Etant un cation divalent, le strontium n'est pas métabolisé. Le ranélate de strontium n'inhibe pas les enzymes du cytochrome P450.


* Elimination

L'élimination du strontium est temps- et dose-indépendante. La demi-vie effective du strontium est d'environ 60 heures. L'excrétion du strontium se fait par voie rénale et gastro-intestinale. Sa clairance plasmatique est d'environ 12 ml/min (CV 22 %) et sa clairance rénale d'environ 7 ml/min (CV 28 %).


* Données pharmacocinétiques dans des conditions cliniques particulières

- Sujet âgé

Des données de pharmacocinétique de population n'ont pas montré de relation entre l'âge et la clairance apparente du strontium dans la population cible.

- Insuffisant rénal

Chez les patientes atteintes d'insuffisance rénale légère à modérée (clairance de la créatinine comprise entre 30 et 70 ml/min), la clairance du strontium diminue comme celle de la créatinine (diminution d'environ 30 % lorsque la clairance de la créatinine est comprise entre 30 et 70 ml/min), induisant ainsi une augmentation des taux plasmatiques de strontium. Dans les études de phase III, 85 % des patientes avaient une clairance de la créatinine entre 30 et 70 ml/min et 6 % inférieure à 30 ml/min à l'inclusion, et la clairance de la créatinine moyenne était d'environ 50 ml/min. Ainsi, aucune modification de posologie n'est nécessaire chez les patientes atteintes d'insuffisance rénale légère à modérée. Aucune donnée pharmacocinétique chez les patientes atteinte d'insuffisance rénale sévère (clairance de la créatinine inférieure à 30 ml/min) n'est disponible.

- Insuffisant hépatique

Aucune donnée chez les patientes atteinte d'insuffisance hépatique n'est disponible. En raison des propriétés pharmacocinétiques du strontium, aucun effet n'est attendu.

Les données non cliniques issues des études conventionnelles de pharmacologie de sécurité, de génotoxicité et de carcinogenèse n'ont pas révélé de risque particulier pour l'homme.

L'administration orale chronique de fortes doses de ranélate de strontium chez des rongeurs a induit des anomalies osseuses et dentaires, principalement des fractures spontanées et une minéralisation retardée, réversibles après arrêt du traitement. Ces effets ont été rapportés avec des taux osseux de strontium 2 à 3 fois supérieurs à ceux observés chez les patientes après 3 ans de traitement. Les données relatives à l'accumulation au niveau osseux du ranélate de strontium suite à une exposition à long terme sont limitées.

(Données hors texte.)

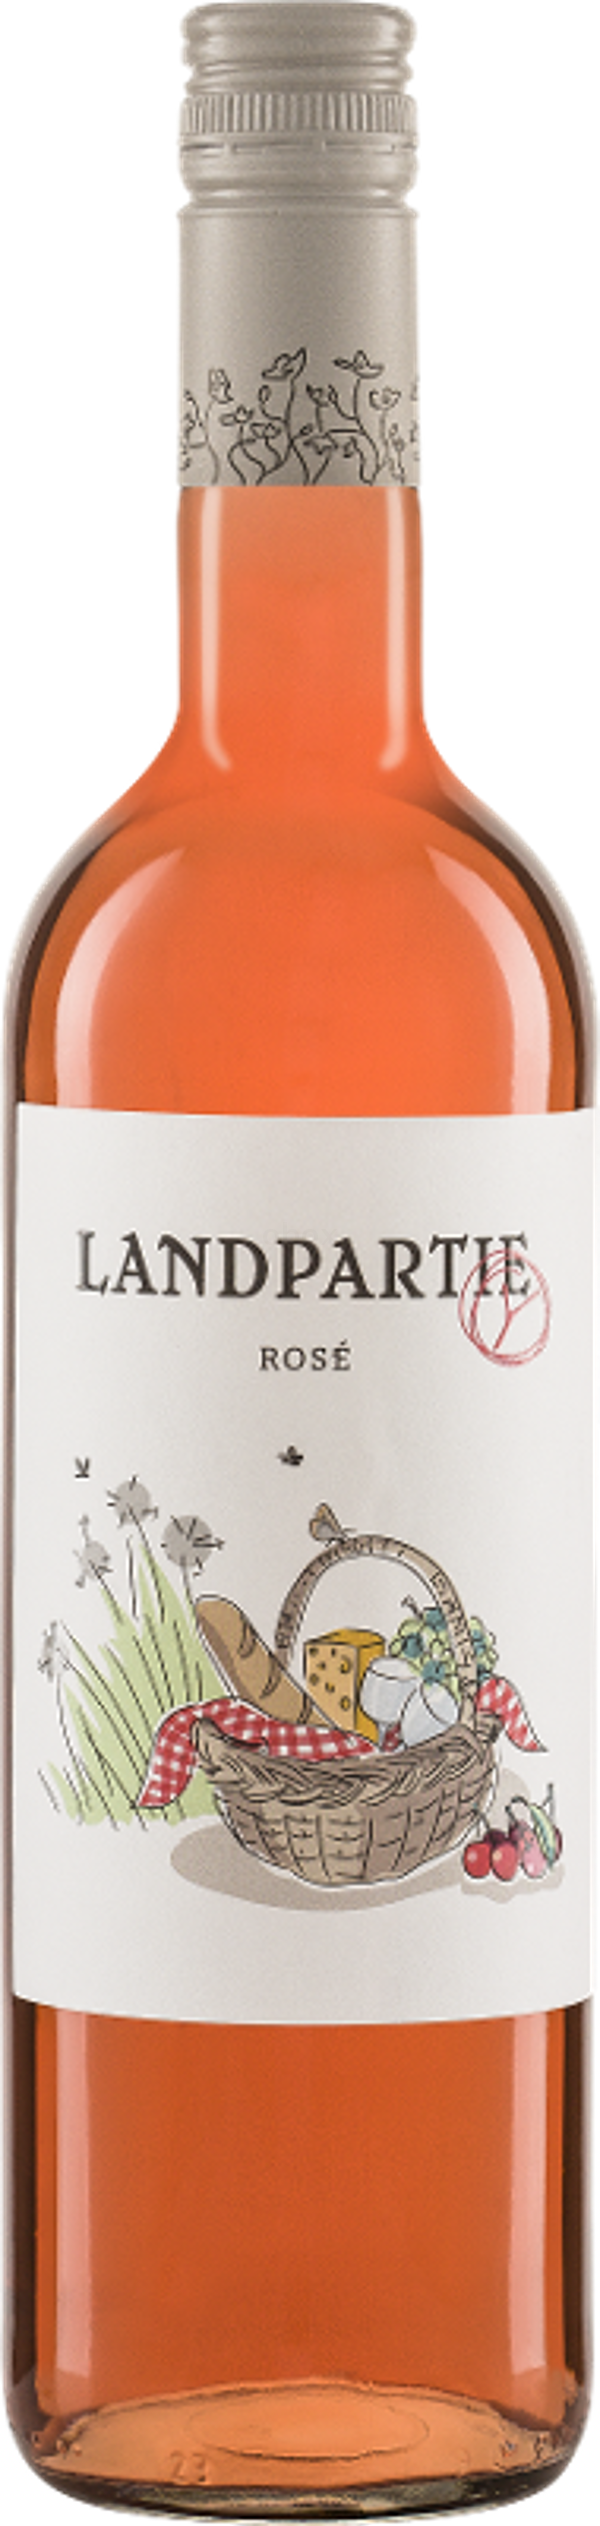 Produktfoto zu LANDPARTY Rosé 2020

Les études de toxicité de la reproduction chez le rat et le lapin ont montré des malformations osseuses et des dents (ex. os long courbés et côtes ondulées) chez les petits. Chez le rat, les effets ont été réversibles 8 semaines après l'arrêt du traitement.

Evaluation du risque environnemental (ERE)
L'évaluation du risque environnemental du ranélate de strontium a été menée selon les guidelines européennes.
Le ranélate de strontium ne présente pas de risque pour l'environnement.